Santa Barbara hotel project.
The Santa Barbara Planning Commission wants the 250-room hotel project proposed for 101 Garden St. to include housing. Credit: Cearnal Collective rendering

No housing, no hotel.

The Santa Barbara Planning Commission gave little support this week to a proposed 250-room hotel at 101 Garden St. because it did not include housing.

“What is clear is that there is no specific benefit to the community, to the residents, to the people who really live here, and that’s of grave concern to me,” Planning Commissioner Devon Wardlow said. “I have real concerns about this project.”

The Wright family has proposed merging six lots to build 250 hotel rooms, along with a library, a bar, a lounge, a 208-square-foot market, a media salon, meeting rooms, a living room, a breakfast area, outdoor seating areas with a spa, a courtyard with a pool and a spa, a fitness room, and a 7,500-square-foot roof deck.

The project also includes 267 vehicle parking spaces, 46 bicycle parking spaces and eight bicycle rental parking spaces for guests.

The project has been in the works since at least 2008, when the Wright family proposed 91 residential condominiums, of which 20 would be affordable, but they withdrew that project because they discovered it would not be profitable.

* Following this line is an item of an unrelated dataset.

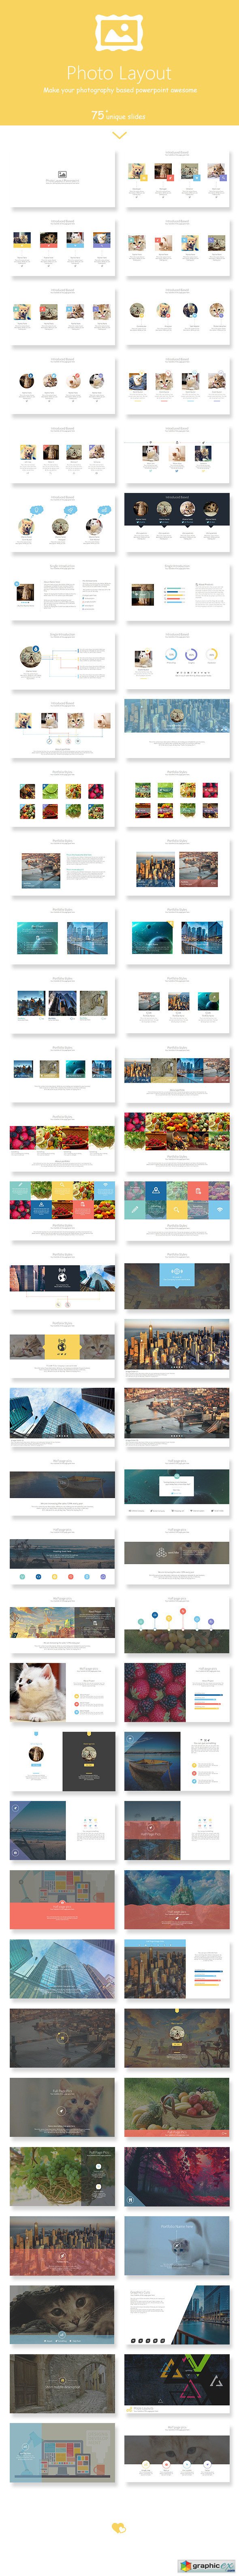 Photo Layout Powerpoint Presentation Template
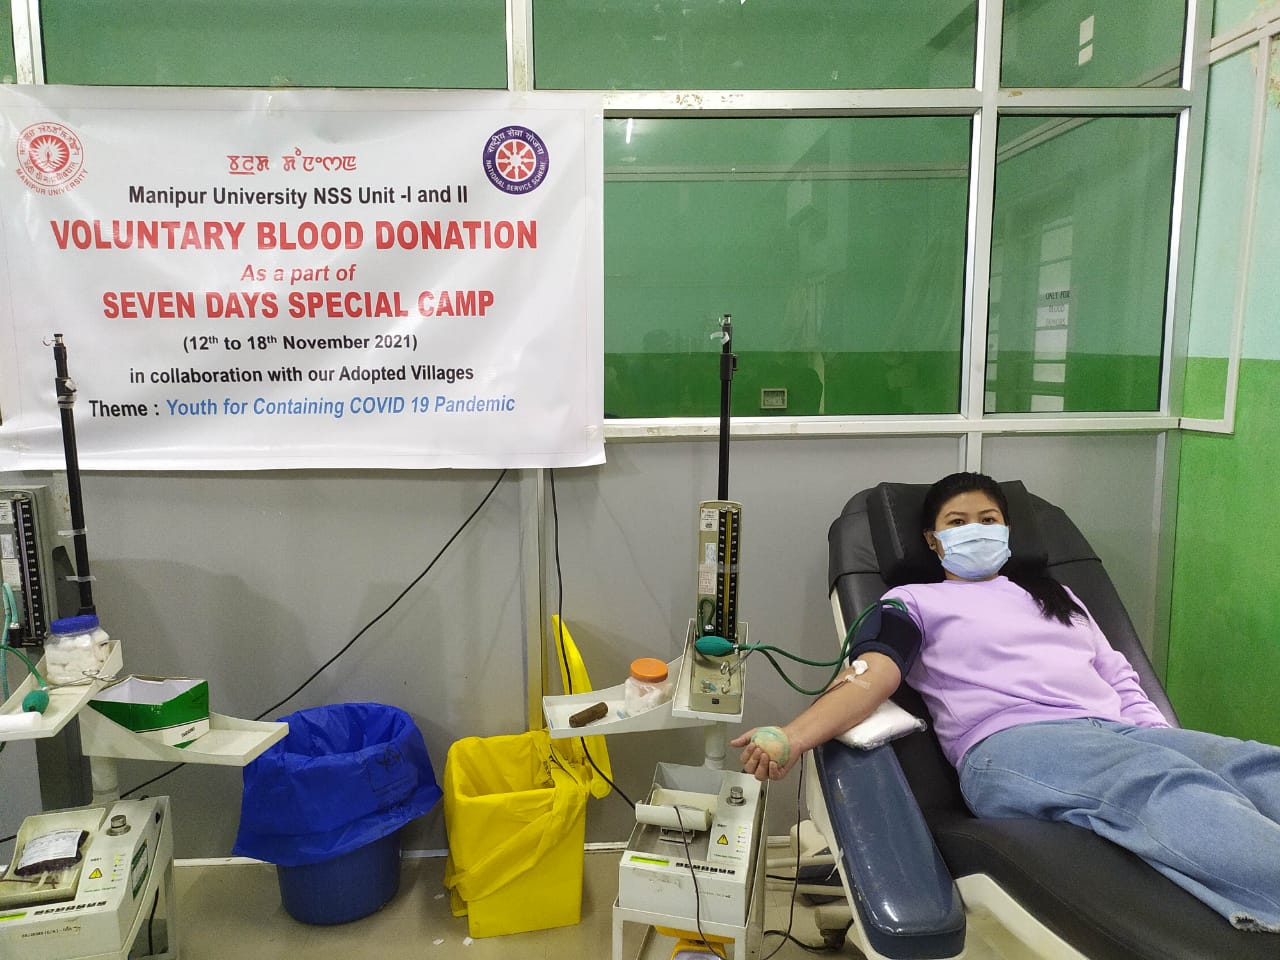 MU NSS Unit I and II organizes one-day Voluntary Blood Donation as a part of Seven Days Special Camp at JNIMS 15/11/2021

Then, in 2019, a new hotel project went before the Planning Commission and received mostly favorable comments during a concept review.

The city approved a Cabrillo Plaza Specific Plan in 1983, which allowed for both hotel and housing uses.

The commissioners, however, stressed that things have changed.

“In 2019, the world was a different place,” Wardlow said. “Things are very different. So the idea that in 2019, the Planning Commission sat here and said this use was OK, I think that after COVID, given the massive housing crisis that we are in, we are in a different place today.”

Sean Gilbert, representing the developer, said the plan was to build a hotel and that reducing units and adding housing could be problematic.

“If we were to walk away from this as a 250-key hotel, even if you came to us and said we want a hotel, but we want 200 hotel rooms and 50 affordable housing, I can tell you the deal will probably fall apart,” Gilbert said.

The project’s architect, Brian Cearnal of the Cearnal Collective, displayed a rare moment of public frustration with the commissioners over their lack of support for the hotel project.

“If an applicant can’t rely on a specific plan, then what the hell are we asking specific plans for?” said Cearnal, one of Santa Barbara’s most prominent architects.

He noted that the Wright family donated land so that Garden Street could extend from Yanonali Street to the Cabrillo Boulevard, a contribution that in today’s dollars would equate to $10.8 million.

Cearnal was offended by the suggestion that the developers do a “housing analysis” to see how 250 hotels impact the housing crisis in Santa Barbara.

“I don’t know how we do a housing analysis,” Cearnal said. “How the heck do I determine what 250 hotel rooms, what that impact is on the housing stock of Santa Barbara? You tell me. Who’s going to do that, and how long do you think that is going to take, and how much do you think that is going to cost?”

Cearnal said that with the instability of banks, it isn’t even clear whether Gilbert can get financing for the project right now. Delays would only worsen the situation.

Gilbert said “the uncertainty would kill this deal.”

Wardlow and other commissioners pushed Gilbert to consider, at a minimum, employee housing, open up the proposed market to the community. Later in the meeting, he indicated employee housing was worth considering, as well as donating to a housing fund.

Site of Santa Barbara hotel project.
Story poles show the site and proposed height of the hotel project in Santa Barbara. Credit: Joshua Molina / Noozhawk photo

Rather than an outright denial, the commissioners voted 6-0 to “continue” the project, to give the developers time to study employee housing, do outreach to the neighborhood, and work with existing tenants on the site. Cearnal indicated that any employee housing would have to go on a third story, which would increase the height of the building about 45 feet.

The developers plan to return to the commission in about 60 days.

Planning Commissioner Sheila Lodge said she was “conflicted” about the situation.

“There’s no way it’s not going to have an adverse effect on the housing situation,” Lodge said. “

But she added that the specific plan allows for a hotel and the understanding in the early 1980s was that the Wright family could build a hotel at the site.

“It doesn’t seem quite right to say at this point, ‘Sorry,'” Lodge said.